However, with the document-centric SOLID data model of containers and data sets, I see some challenges implementing this application as a pure client-side application that only interacts with the pod:

  • In one extreme implementation I put all bookmarks into one data set. That’ll be easy to query with client-side SPARQL, but will consume lots of bandwidth, memory and CPU time and will make the initial load time very slow: my current bookmark collection is about 12MB, think about loading this over a mobile connection, several times a day
  • The other extreme is to store each bookmark in a data set. That’ll create lots of small requests (with bad performance implications as long as the server doesn’t support HTTP2) and each reading use case might need its own index file (a URL index for looking up an entry for edit/delete, a “date index” for listing the first 100 bookmarks, a “tag index” to query bookmarks by tags). Creating index files adds more complexity:
    • How would I reflect the permissions for bookmarks in my indexes?

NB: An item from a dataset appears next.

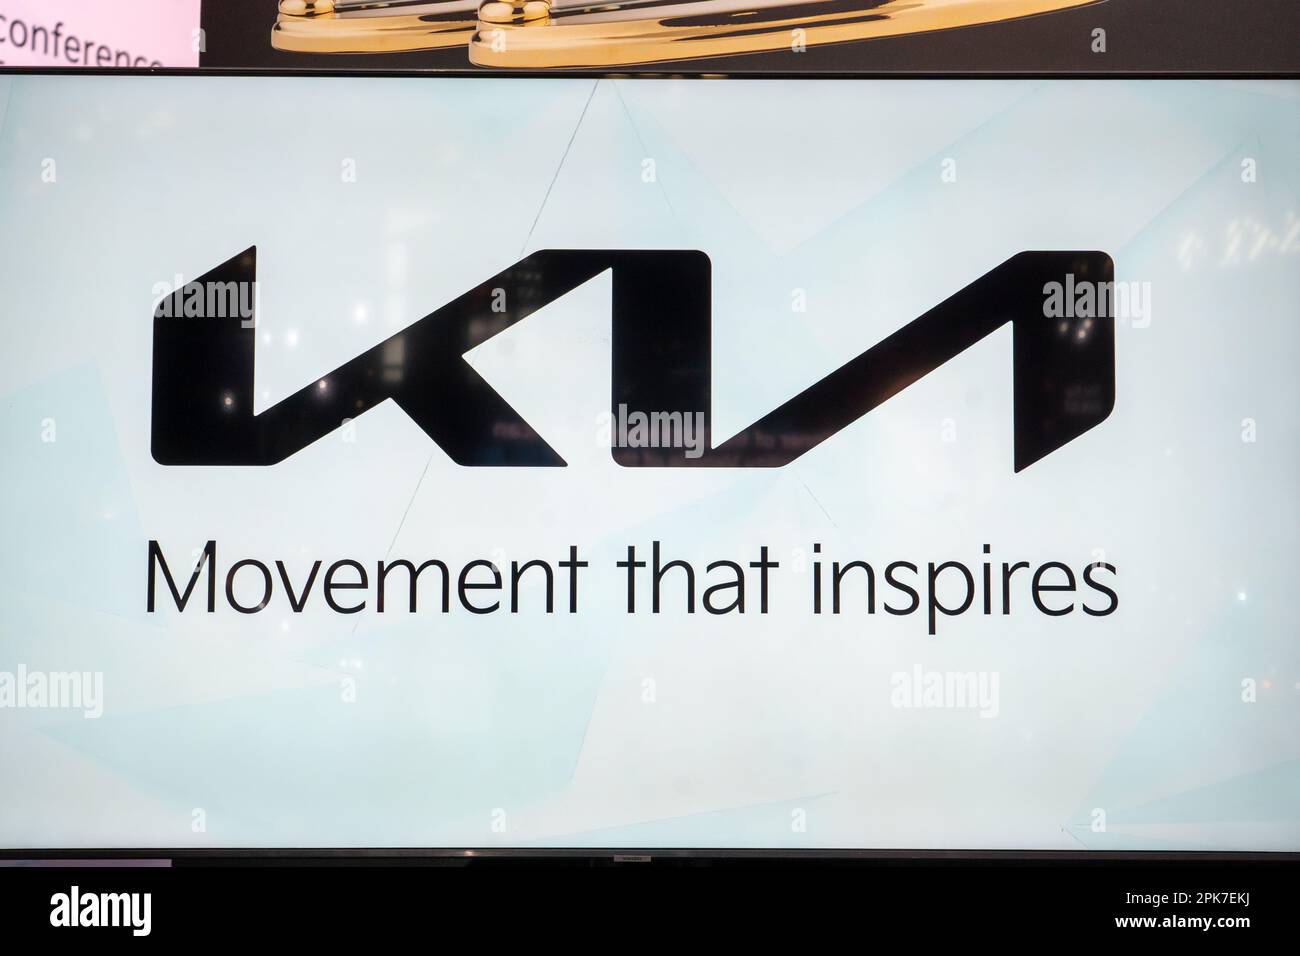 NEW YORK, NEW YORK - APRIL 05: Kia Logo seen on sign at the International Auto Show press preview at the Jacob Javits Convention Center on April 5, 2023 in New York City. Stock Photo

With a simple public/private permission model, I’d have to keep two different index files for public and private bookmarks, basically multiplying the number of index files by 2.
    • Index files might become too large, needing more complex pagination or sharding mechanisms
    • The application needs to manually update several index files for each add/edit/delete, ideally in an atomic fashion to avoid a broken index when one write action fails.
  • There might be a middle ground (somehow sharding bookmarks into “bucket files”, tailored to the most common use cases so some indexes might not be needed), to balance transferred data and requests, but they would still need indexes with all of their complexity.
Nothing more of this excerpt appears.